What Florida Schools Need to Know as High School Student-Athletes Seek NIL Compensation
By Brett P. Owens, of Fisher Phillips
When Florida’s name, image and likeness (NIL) law went into effect this past summer, it created many opportunities for businesses that wanted to enlist college athletes as part of their marketing campaigns. A recently filed lawsuit has opened the door to a potentially new angle that Florida schools may need to soon manage: whether high school student-athletes are entitled to compensation for their NIL. What do you need to know about this new development and the volatile state of student-athlete compensation?
Two Florida students filed a class action complaint in January in state court on behalf of all student-athletes, alleging that a new NCAA policy protecting the rights of college athletes to exercise their right of publicity does not go far enough.

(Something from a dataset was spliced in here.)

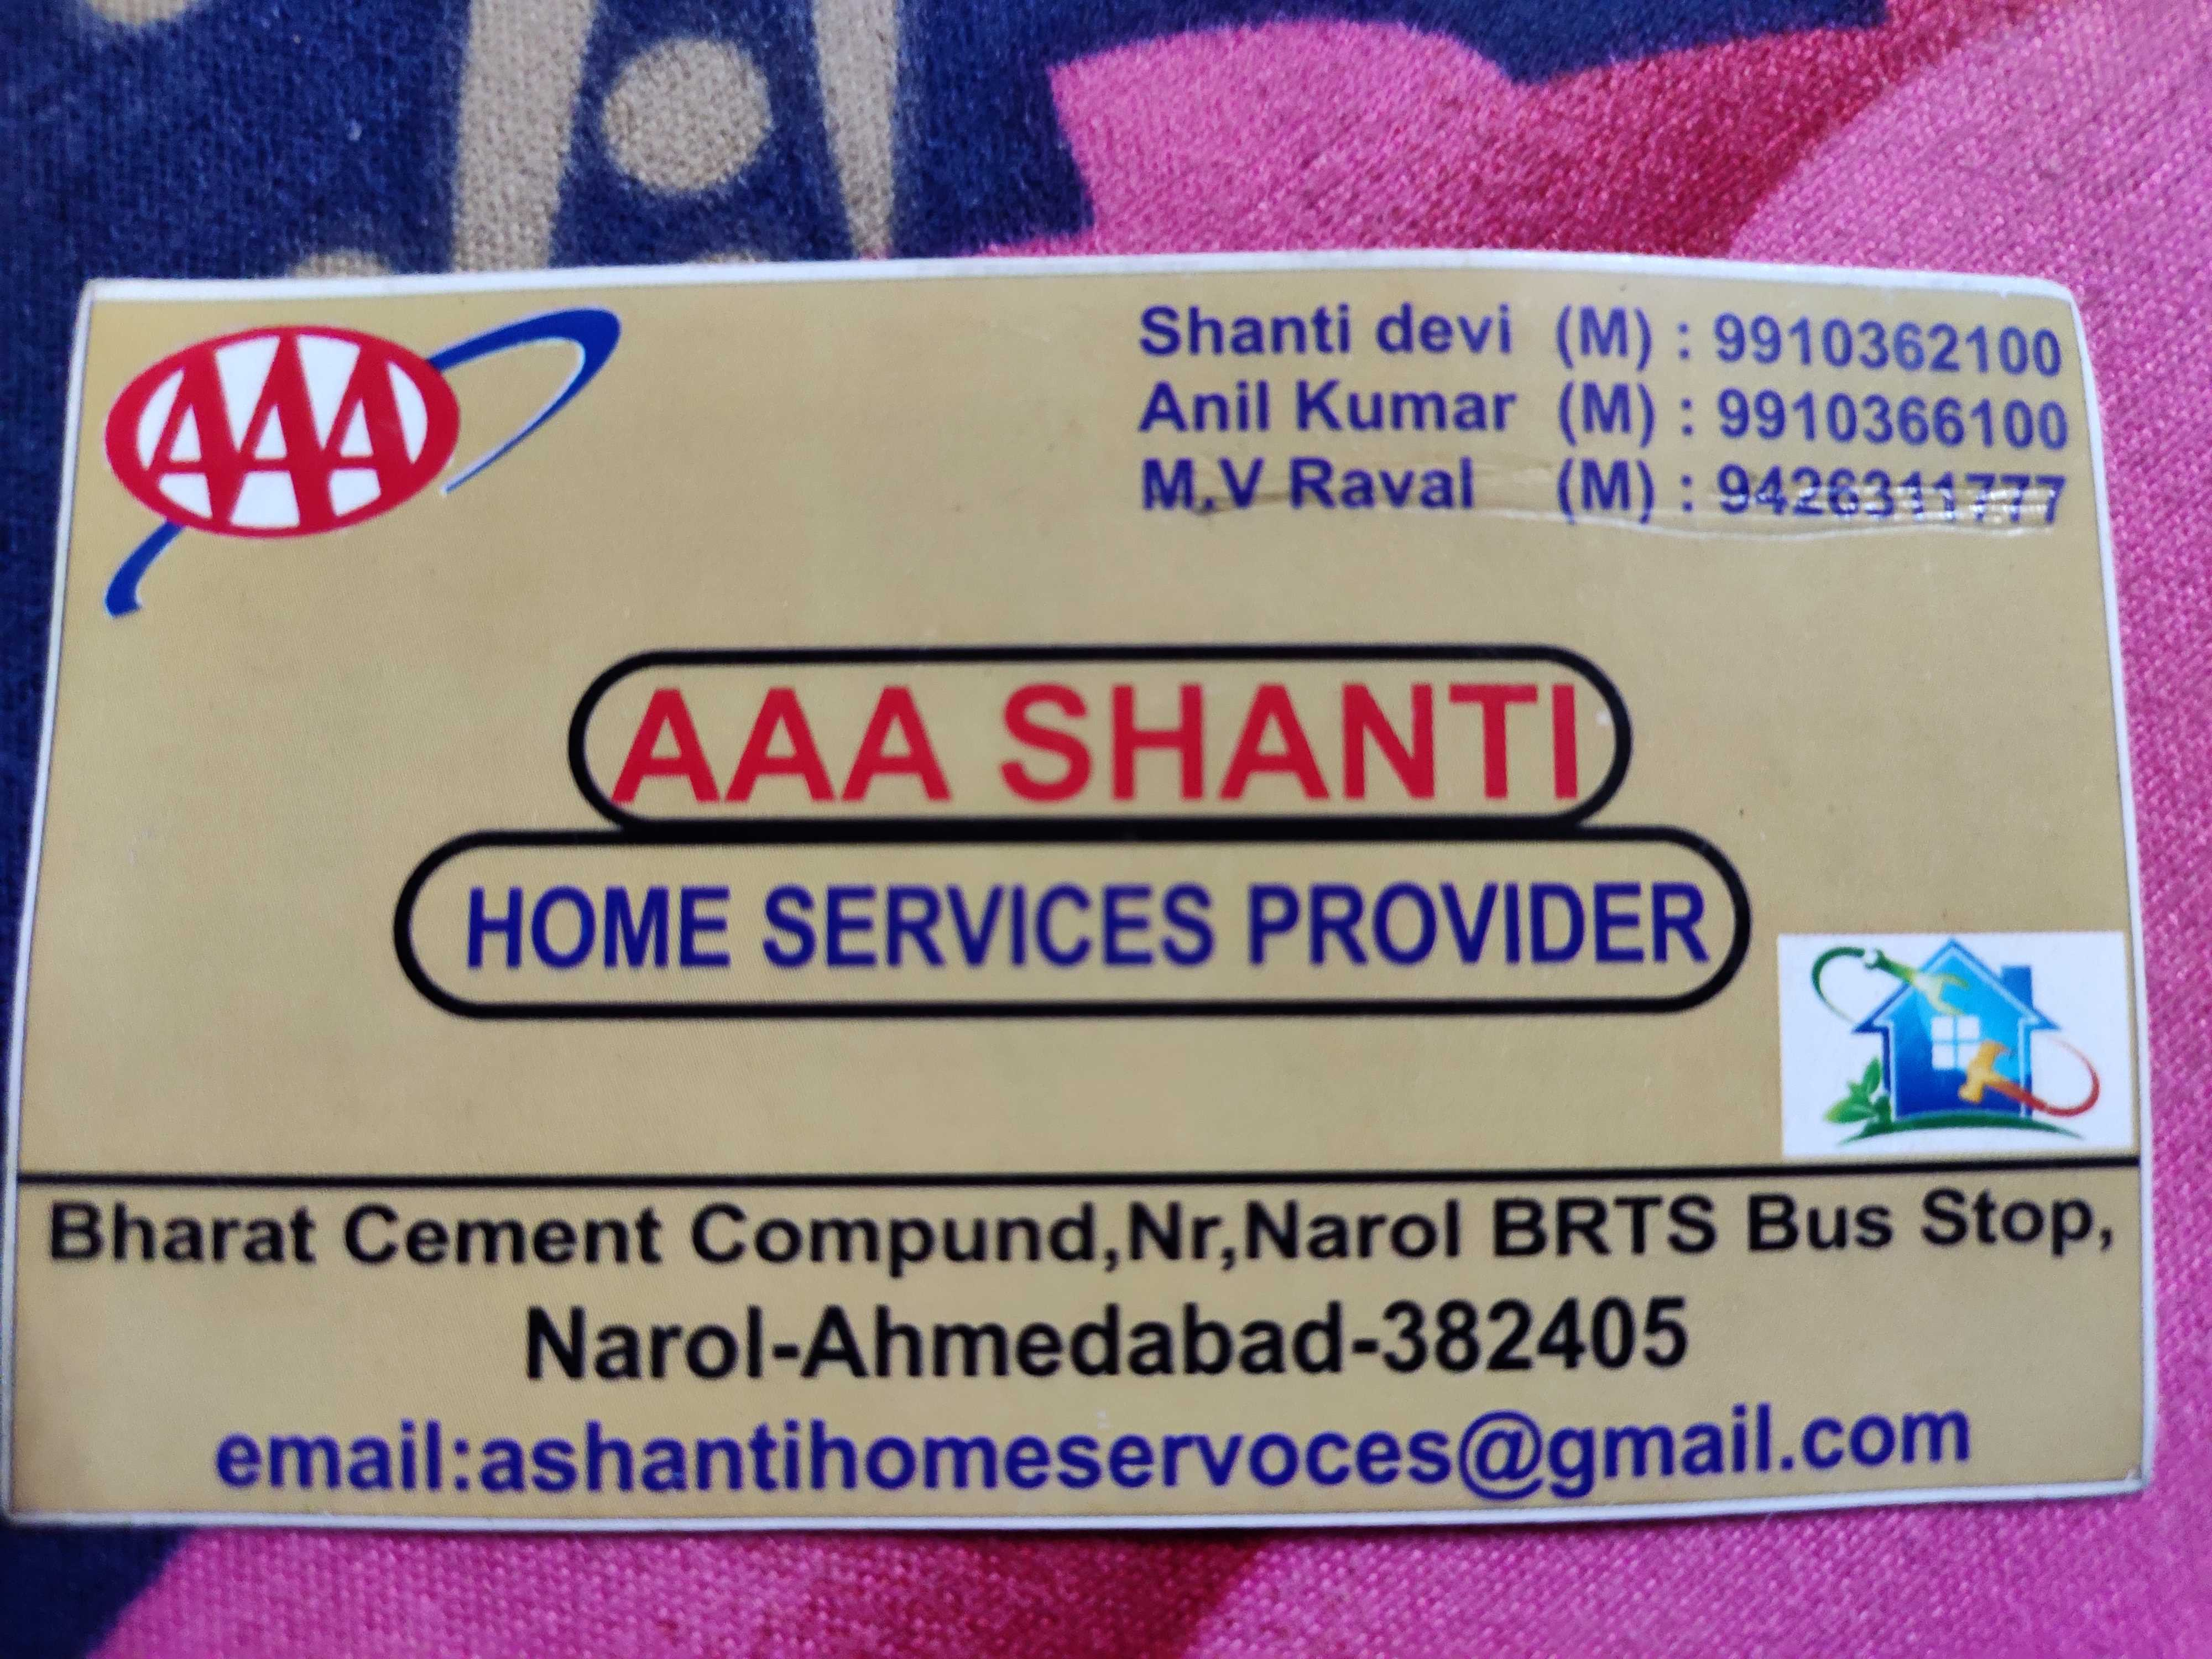 Maids, House Maid Services near me | Sulekha

The lawsuit alleges the organizations responsible for administering high school sports in Florida have unlawfully conspired to deny student-athletes the right to be compensated for the use of their name and likeness in violation of Florida antitrust law.
One of the two plaintiffs, a Florida high school baseball player, alleges he was offered an endorsement contract by a company that designed a blockchain-based system for sharing healthcare data. However, he was forced to turn down the deal because it would have rendered him ineligible under Florida High School Athletic Association (FHSAA) rules. The lawsuit, filed as a class action on behalf of all similarly situated high school athletes in Florida, seeks a declaration that the FHSAA rules such as this one are an invalid exercise of the state’s police power, and thus “an unconstitutional violation of the freedom to contract” under the Florida constitution.
Clash Begins in New Venue
Notably, the FHSAA rules were developed in coordination with the National Federation of State High School Associations. The lawsuit alleges that the two entities have formed “a contract, combination, or conspiracy” to prohibit high school athletes from exercising their right of publicity in violation of Florida antitrust law. In the past few years, legislatures and courts have been analyzing the antitrust implications of policies that prevent student-athletes from monetizing their NIL. Most of the attention has been garnered at the collegiate level.
The lawsuit’s primary focus is high school athletes. However, the other plaintiff in the lawsuit, a University of Miami football player, also alleges that he was offered a contract by the blockchain company. But since NCAA policies defer to state publicity laws — and Florida law protects the right of collegiate athletes to enter into marketing contracts only for the duration of their college career — the athlete was able to enter into a contract for only one year.
The class action lawsuit contends that the limitations on the NCAA’s policy likewise violates the Florida right to contract provision and constitute an unlawful restraint of trade under Florida law.
What’s Next? And What Should You Do?
The lawsuit is in the early stages and it could take months – or even years – to be sorted out. If the plaintiffs are ultimately successful, however, high schools in Florida will need to assist student-athletes with managing NIL contracts and can also expect compliance obligations similar to Florida’s NIL law for collegiate athletes. Additionally, it is likely that student-athletes in other states who work with the National Federation of State High School Associations could rely upon the decision in Florida to argue their inability to monetize their NIL is in violation of their state’s antitrust laws.